(SUPPLIED RECORDS Opens)

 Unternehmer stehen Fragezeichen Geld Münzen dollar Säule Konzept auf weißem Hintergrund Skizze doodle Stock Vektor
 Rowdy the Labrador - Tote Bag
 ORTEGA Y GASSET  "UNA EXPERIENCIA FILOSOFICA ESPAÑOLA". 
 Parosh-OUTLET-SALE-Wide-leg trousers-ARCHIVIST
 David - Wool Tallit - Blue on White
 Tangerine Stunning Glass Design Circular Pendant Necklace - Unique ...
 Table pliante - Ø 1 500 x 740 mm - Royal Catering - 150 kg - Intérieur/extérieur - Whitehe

(SUPPLIED RECORDS Closes)

YOUR TASK: Starting at the line that contains "Tangerine Stunning Glass", reproduce each line through the end of the records exactly, both ends included.

RESPONSE TO THE EXERCISE:
 Tangerine Stunning Glass Design Circular Pendant Necklace - Unique ...
 Table pliante - Ø 1 500 x 740 mm - Royal Catering - 150 kg - Intérieur/extérieur - Whitehe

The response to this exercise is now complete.